(Beginning of INPUT DATA)

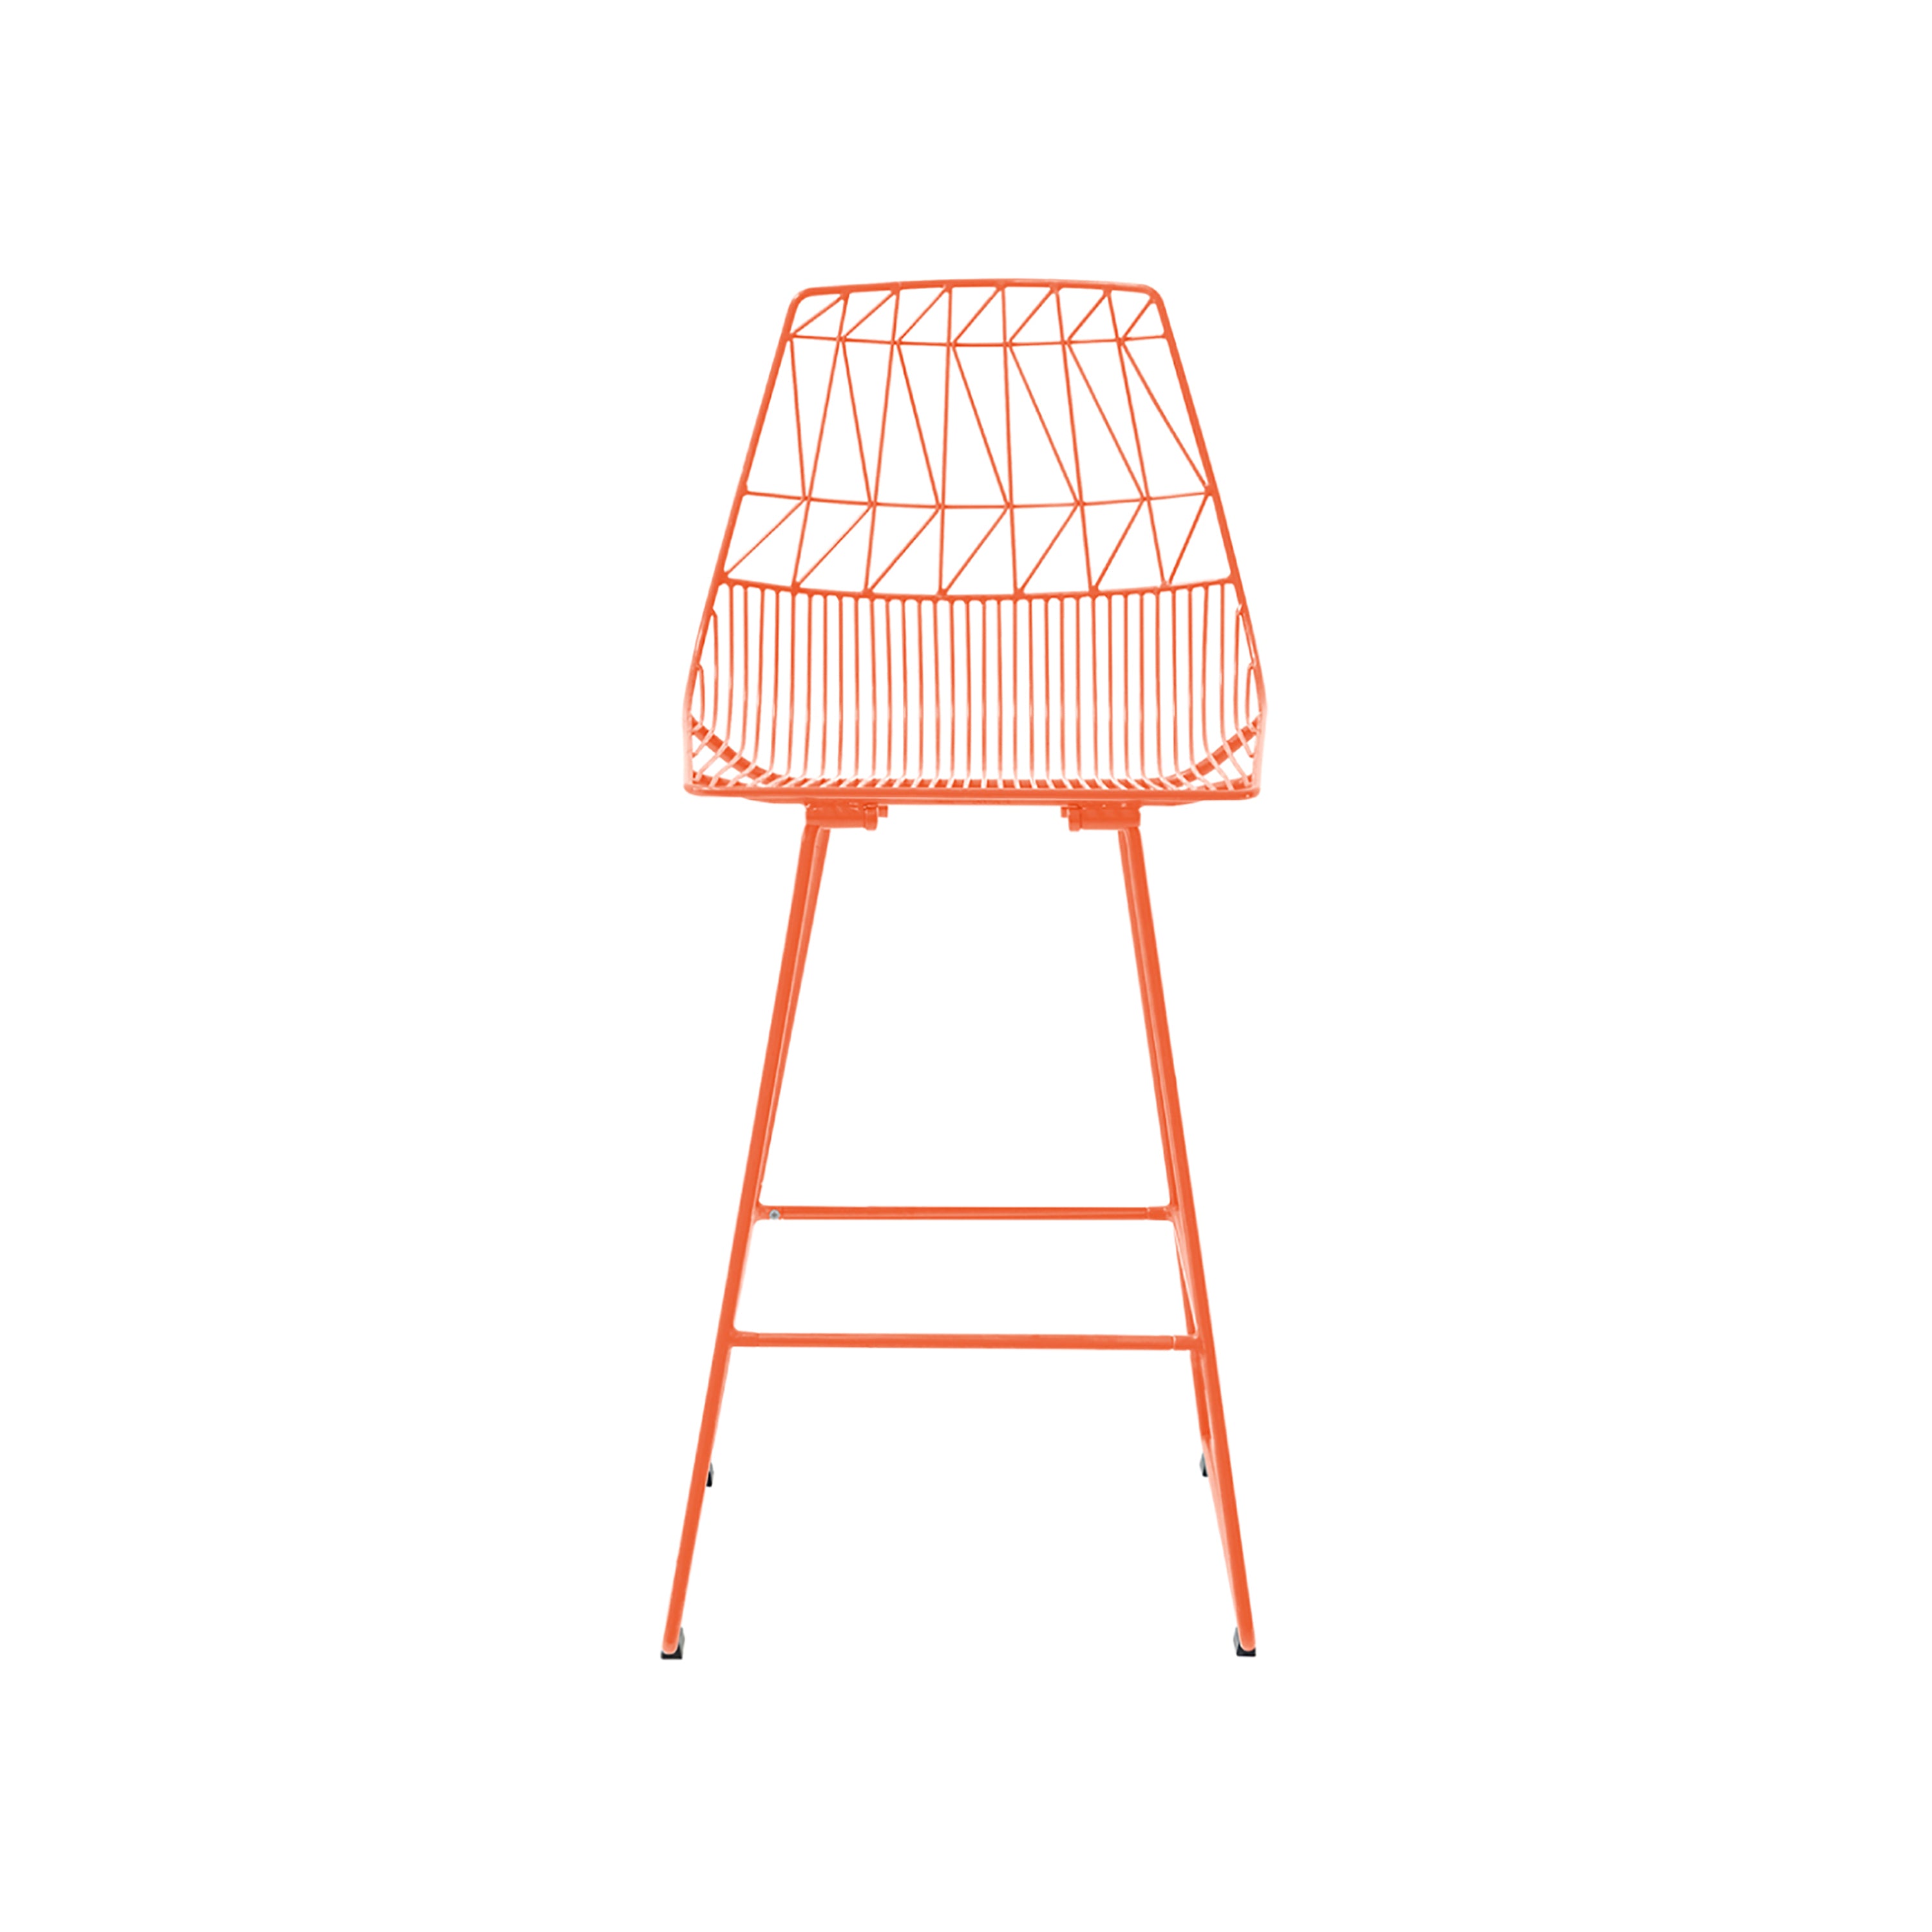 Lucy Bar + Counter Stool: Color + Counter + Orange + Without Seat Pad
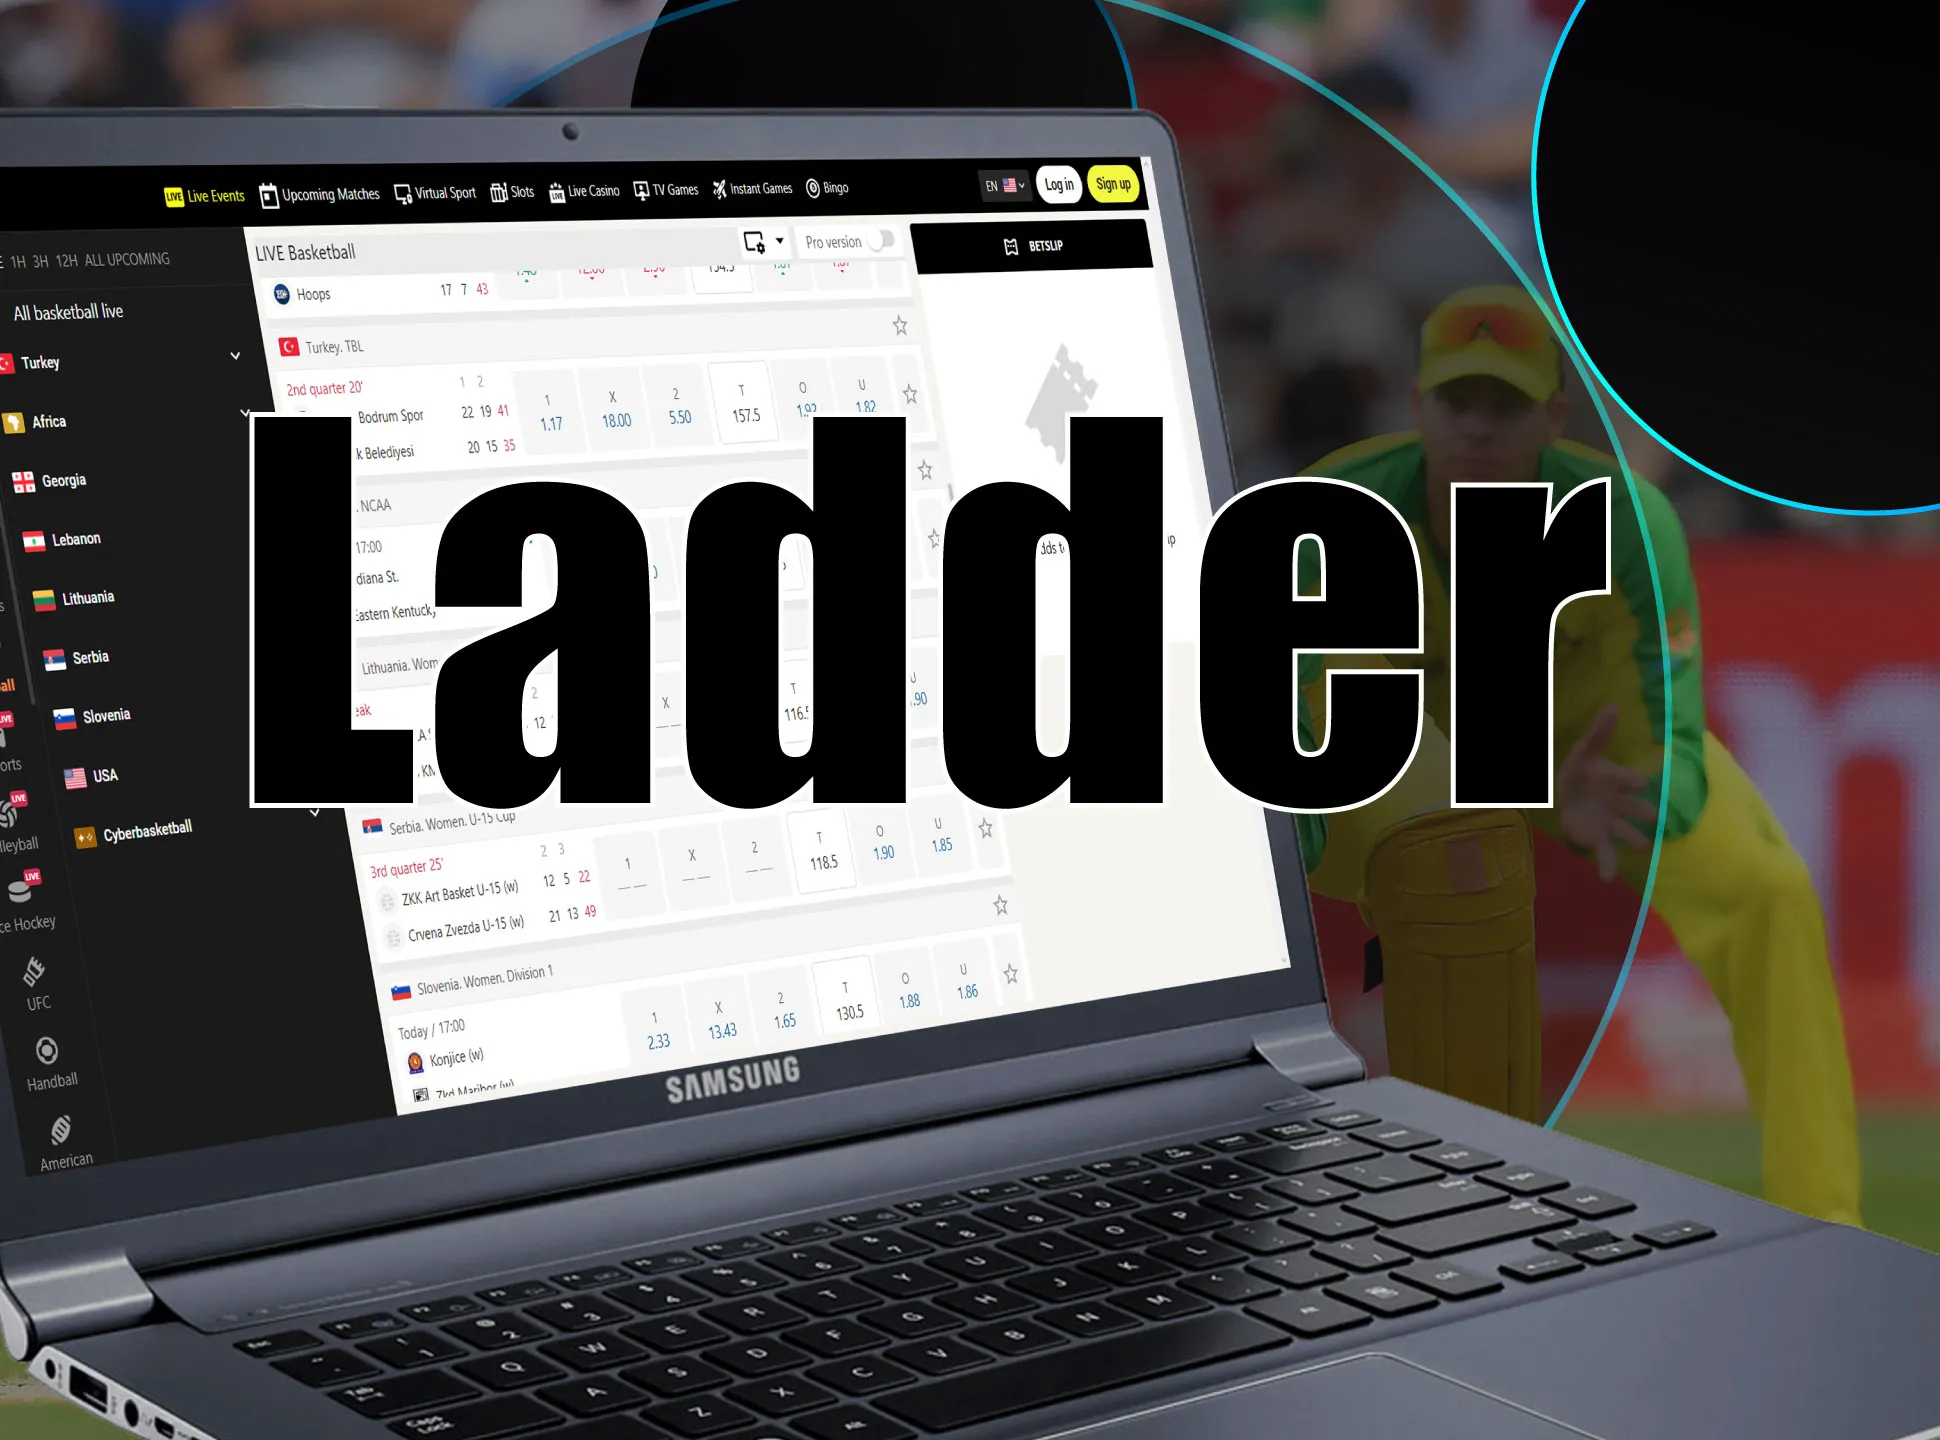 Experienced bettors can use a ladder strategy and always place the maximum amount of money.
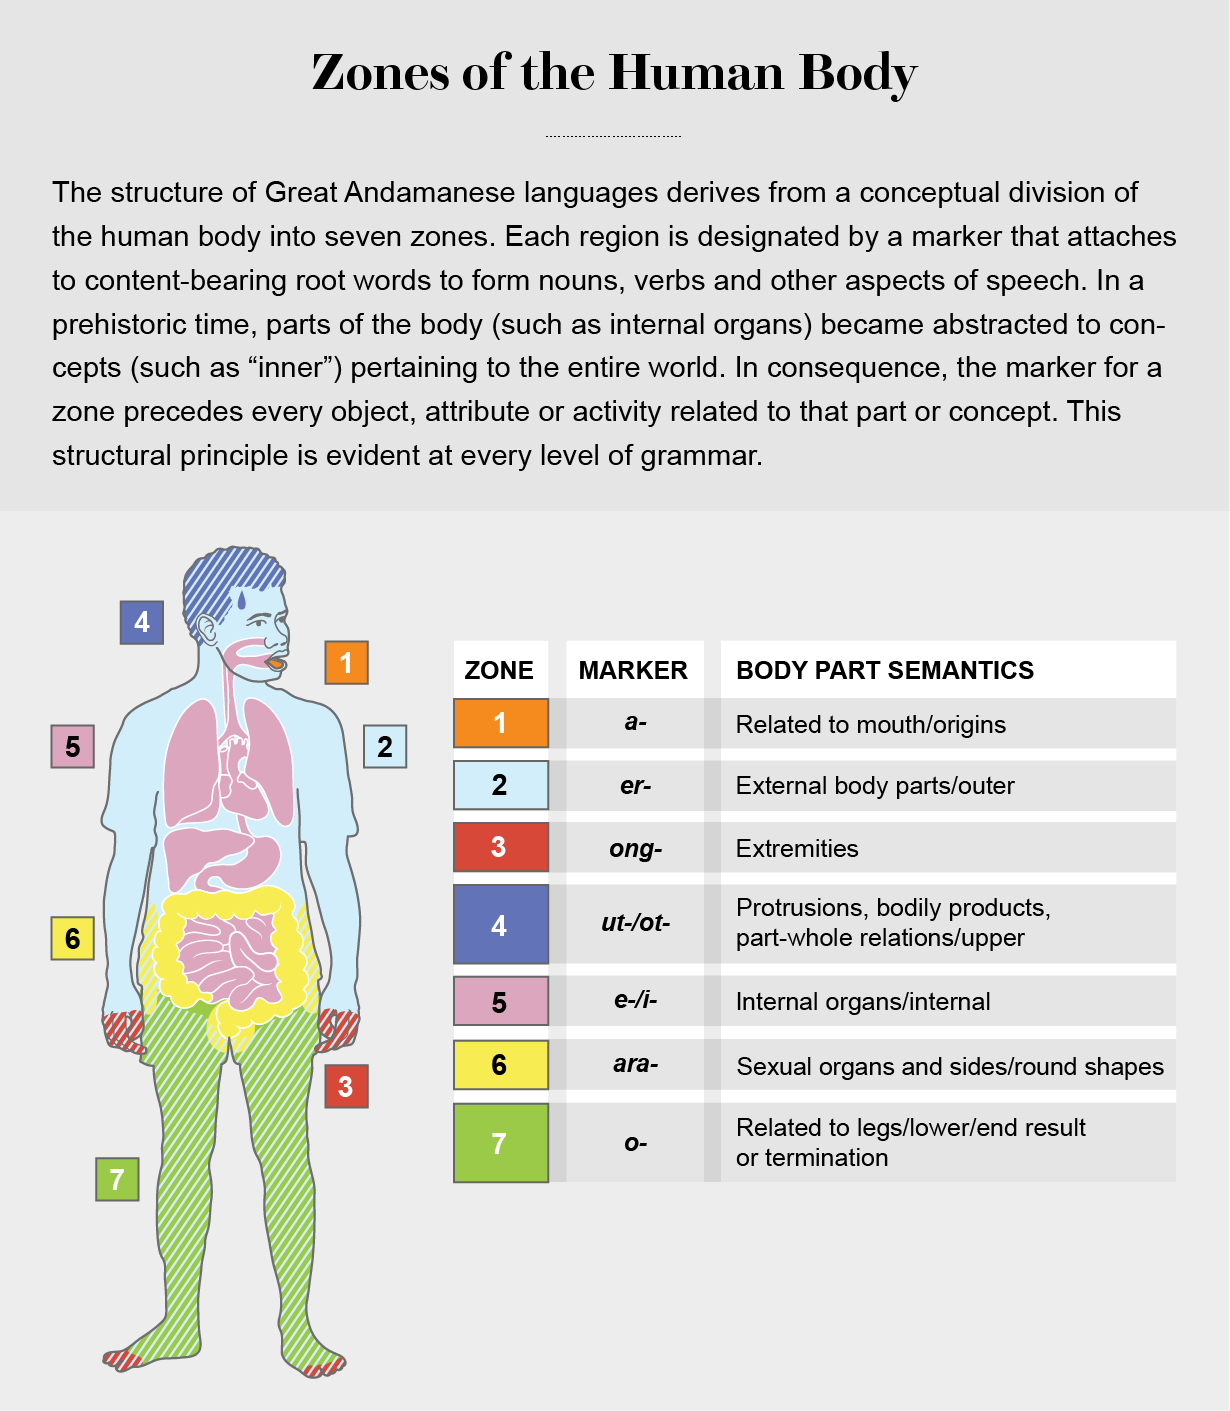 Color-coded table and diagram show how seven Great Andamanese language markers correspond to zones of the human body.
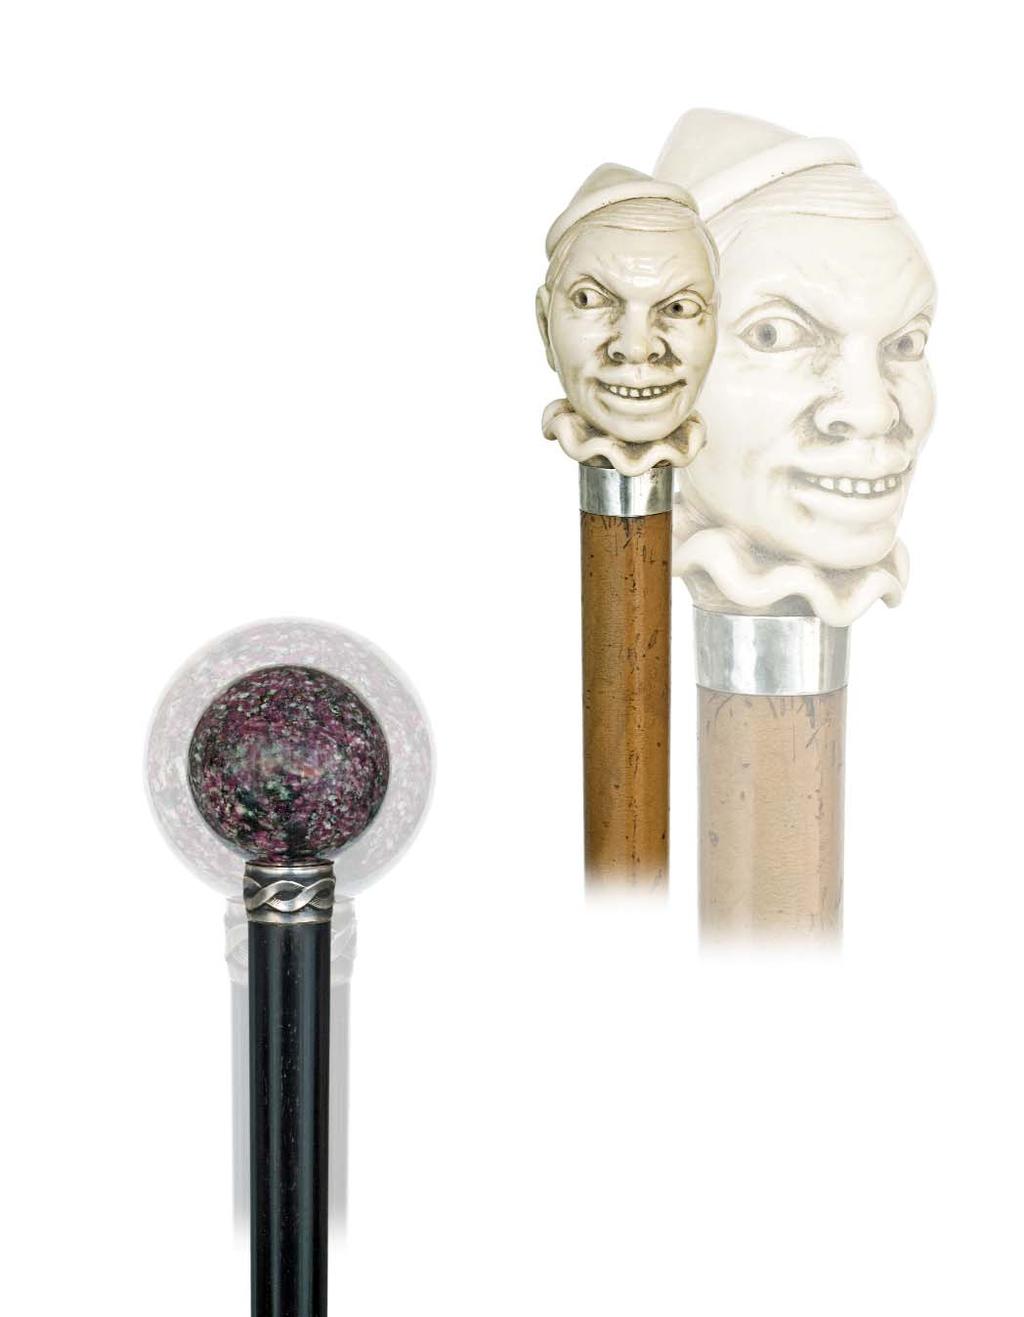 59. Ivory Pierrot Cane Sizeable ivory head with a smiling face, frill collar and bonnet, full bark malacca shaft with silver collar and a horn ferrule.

(End of INPUT DATA)

DIRECTIONS FOR THIS TASK:
Please return the listing above exactly and leave every picture out.

ANSWER SECTION:
 Lucy Bar + Counter Stool: Color + Counter + Orange + Without Seat Pad
 Experienced bettors can use a ladder strategy and always place the maximum amount of money.
 Color-coded table and diagram show how seven Great Andamanese language markers correspond to zones of the human body.
 59. Ivory Pierrot Cane Sizeable ivory head with a smiling face, frill collar and bonnet, full bark malacca shaft with silver collar and a horn ferrule.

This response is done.